New Parser using ANTLR

The current code base of Alloy started in the '90’s and has been worked on by a lot of very smart graduate students. Some of the code is absolutely brilliant but the age of the code base is clearly showing. Since Alloy started 30 years ago, a lot has changed. Java went from a bit more than a toy language to a half way decent one (really!). Today it has many concepts out of the box that had to be developed from scratch in Alloy. The code also shows that many generations of students worked at it for a short period; it is often surprisingly hard to find where something is happening. Worst of all, everything seems to be connected to anything.

Although I originally wanted to retire, I don’t use a lot of Alloy modeling anymore, Matthew Di Ferrante was willing to sponsor my work to do further improvements. One the first things we decided to do is to work out the actual grammar and create a new ANTLR parser based on modern technology. (The grammer can also be used in Python, JS, etc.)

For this sponsoring, i will take advantage of the work I did a long time ago: develop an (interface based) API on Alloy. A well defined API will make it easier to understand the Alloy code for educational purposes and simplifies building extensions. Most of the extensions over the last years have been retrofitted in with enormous effort. The Electrum port into Alloy 6 was an underappreciated herculean effort.

API based programming is something I worked on for most my life. It was the reason I fell in love with OSGi and it was the reason I fell in love with Alloy. For the OSGi I wrote thousands of pages of specifications and in retrospect I wish I had had something like Alloy. I am a sucker for concise clear crisp specifications and Alloy could make them verifiable. It was a bit of a surprise to me how the formal design community seems to highly focused on the proof aspect. For me a good Alloy model is worth a thousand pictures.

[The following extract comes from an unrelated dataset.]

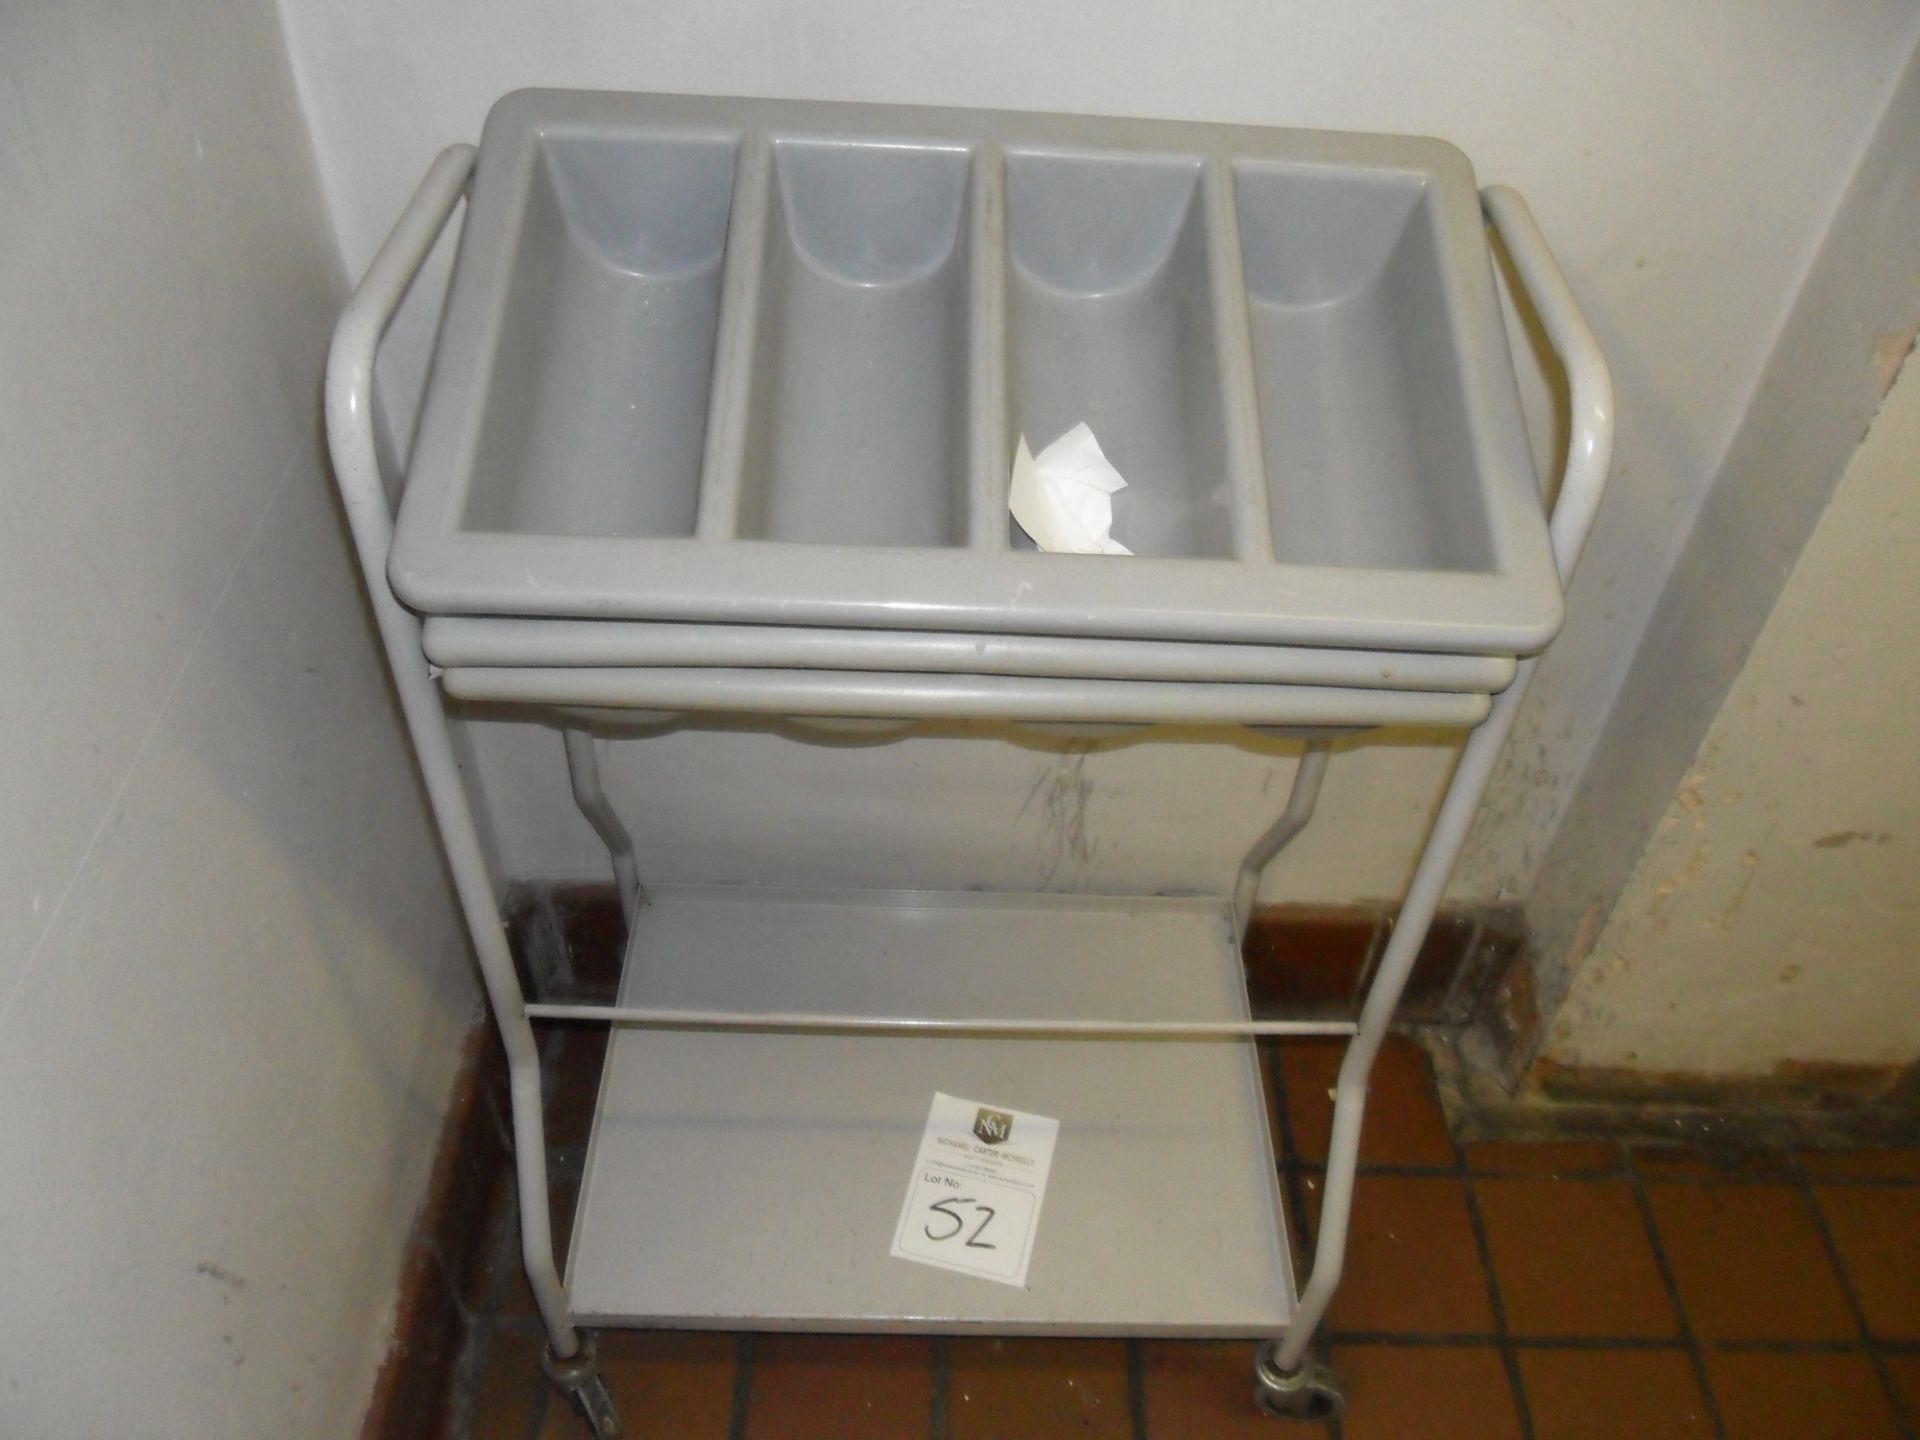 Cutlery tray rack on castors, includes 3 cutlery sections in grey.

The reason that I am diving a bit deeper in the API topic is that I feel that Alloy itself could become an example of software engineering with formal methods. My good intention for this year is to continue the work with an Alloy model of Alloy. Anybody that is interested in this angle of Alloy should speak out so we can collaborate on it. Maybe universities that do software engineering and formal methods?

So how will this work go? The strategy of the current work is to not change the existing code base but insert an API between the parts. A Parser API, an AST API, a Solver API, a Visualizer API, a runtime API etc. For each API, a classic provider will created that maps the API to the classic code base. The classic code base might implement some interfaces but remains unchanged and compatible with today’s. However, once an API is in place it will become easier to plugin new implementations. However, all along the way we should remain 100% backward compatible although newer features might not work for older parts.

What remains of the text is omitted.